The important thing is to just have an understanding of the concepts and the potential of the technology. Looking around the forums and talking to my SEO pals since Florida update there is one definite finding that is constant.
Those of us who understood and had been employing tactics to accomodate Semantics, LocalRank, TSPR, and other "up and comming" elements related to those (all of which we've known about since late 2002 and early 2003) didn't report
any major problems. Sure, maybe something lost a page or two in the SERPS, but the stuff either came back on its own or a minor adjustment fixed it. Dropping a page or two can happen with any update that employs an algo change - heck, that's what the algo change is
designed to do - change the results.
Those who didn't know about these technologies or chose to put them in the "This isn't going to help me now, I'll worry about it when it happens" folder, had some sites that were relatively unaffected and some sites vanish off the face of the earth. (Most likely they ended up on
Mars because it's warmer than Rochester.
[quote name='"Torka"']the W3C document I managed to absorb before brain failure, RDF and XML have something to do with each other.[/quote]
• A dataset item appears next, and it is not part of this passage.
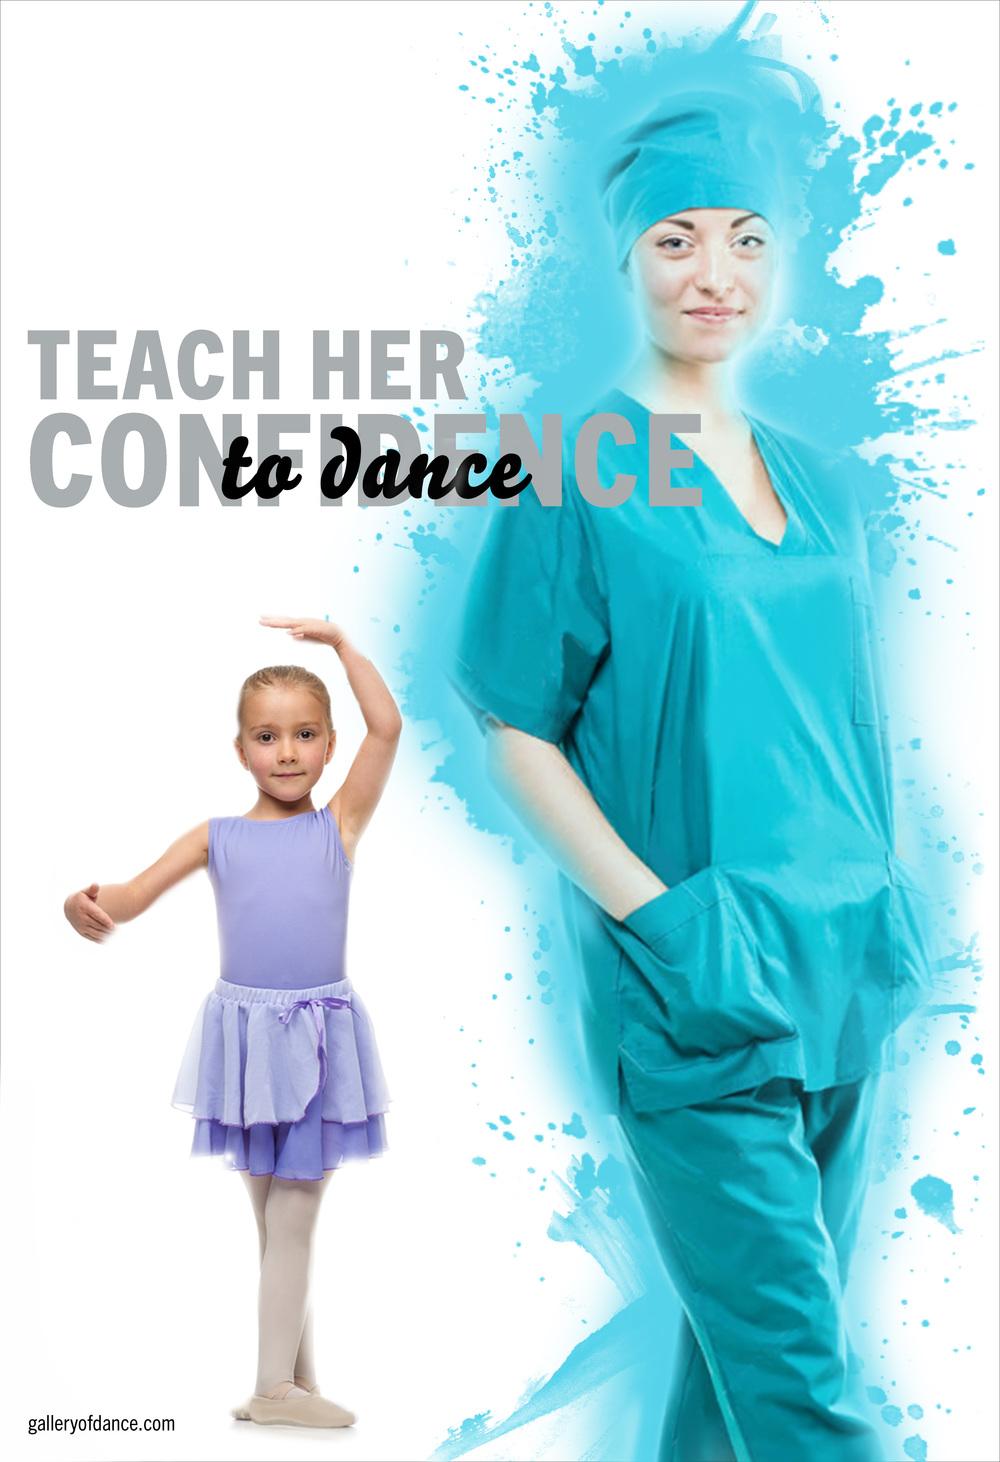 teachherconfidence1.jpg
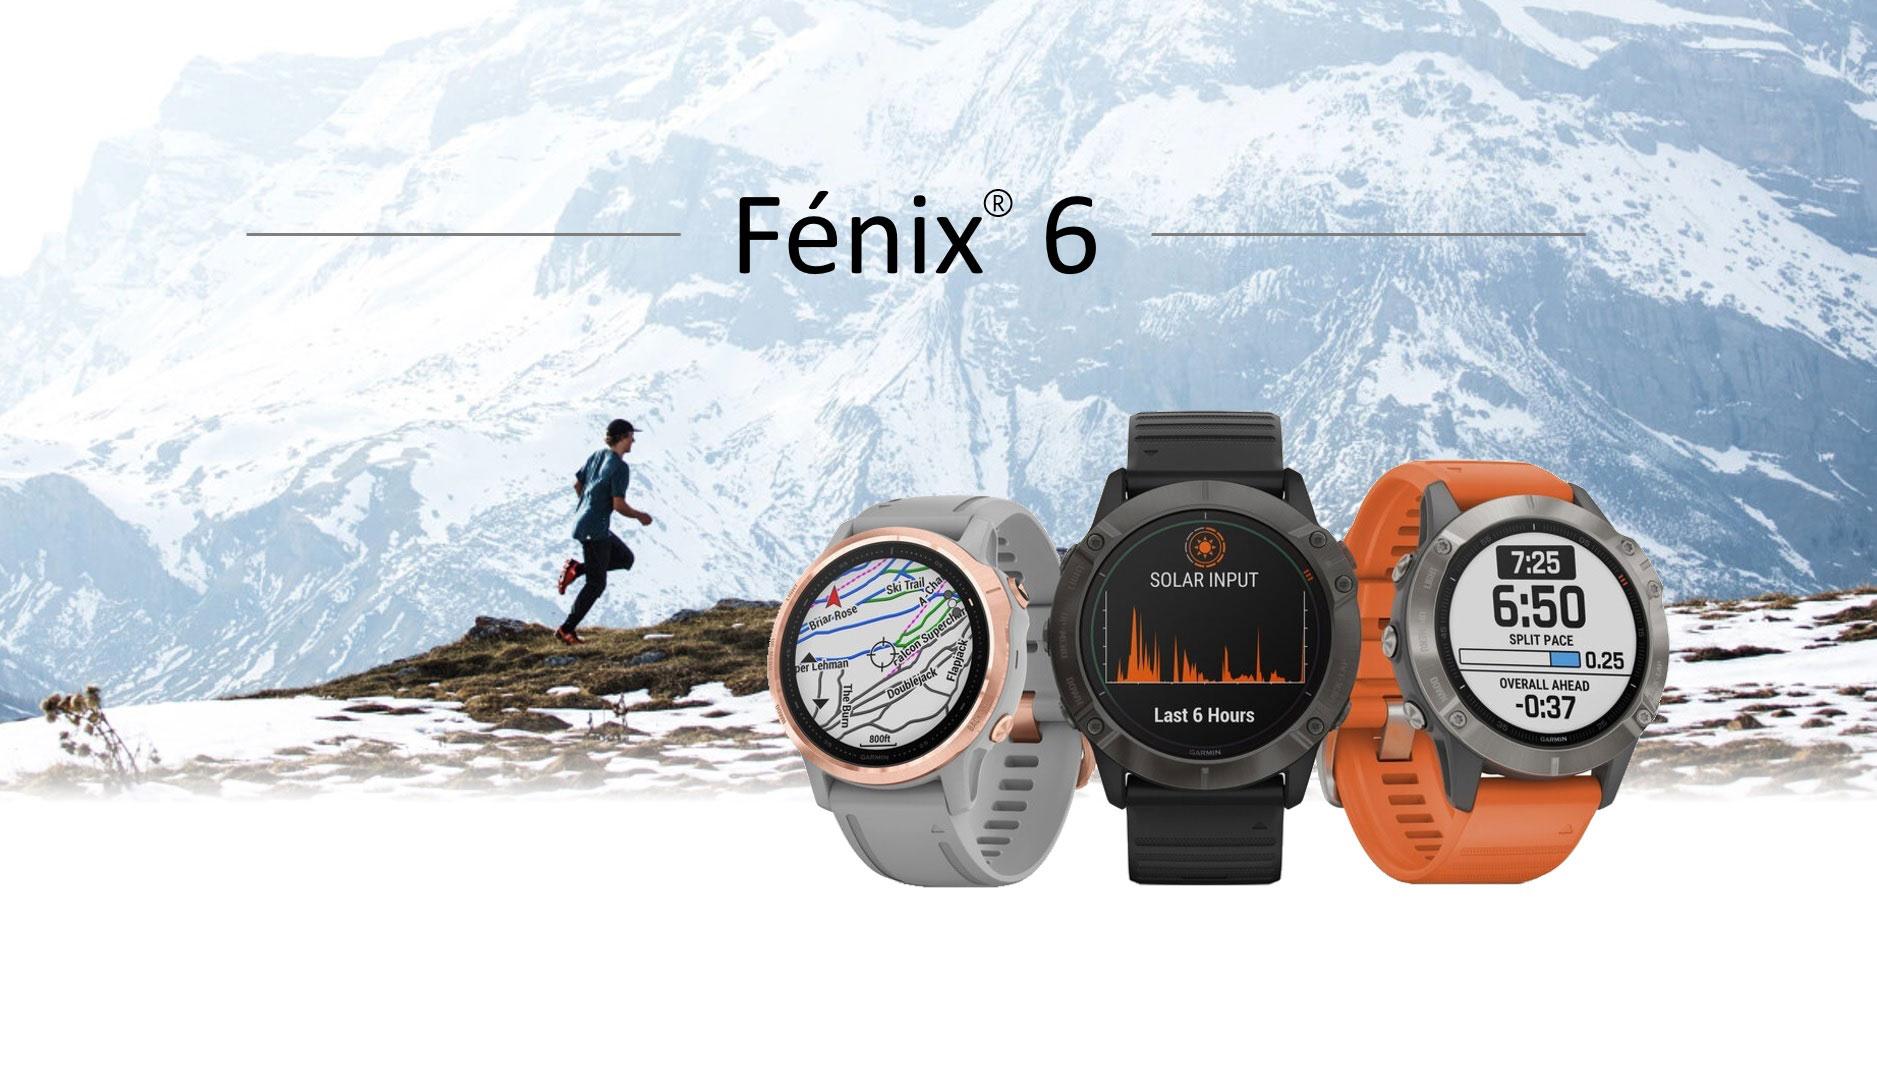 Fenix 6

Think of RDF (Resource Description Framework) as the foundation. Think of XML (eXtensible Markup Language) as the formatting language used to deliver it.
HTTP (Hypertext Transfer Protocol) is to HTML (Hypertext Markup Language) as RDF is to XML.
[quote name='"Torka"']we don't have to convert everything over to XML (at least not right away) in order for this to work.[/quote]
Nope. We don't. And we probably won't. Though for specific applications (like that marketplace thing described in Vijay's article, Froogle, etc.) it makes sure that there are no errors, problems, bad assumptions. When it comes to specific applications, there is little room for error because folks are looking to perform a specific task and get 100% accurate results.
Searching the web is different. Because it's all encompassing and it delivers "everything" there is simply no way to deliver 100% accurate results - unless you were to require
everyone provide a formatted feed - but then, you end up not delivering "everything" anymore.
(Wanna get rich? Start a search engine that uses an RDF feed from all its sources and bill it as an "accurate" and not a "comphrehensive" engine. Do it fast, though - everyone and their brother will be doing it soon!).
[quote name='"Torka"']So, now, how does one actually optimize RIGHT NOW (and in the next year or two) under such a scenario?[/quote]
See the above two answers. As far as the search engines go (at least with Google and Ink and the other players that are on the "search the entire web" track) it won't be critical to know XML. (At least I don't think so). Since Froogle started out (which is the best way to guage Google's success in this area) Google has made
huge strides in improvement of extracting the proper information from a page.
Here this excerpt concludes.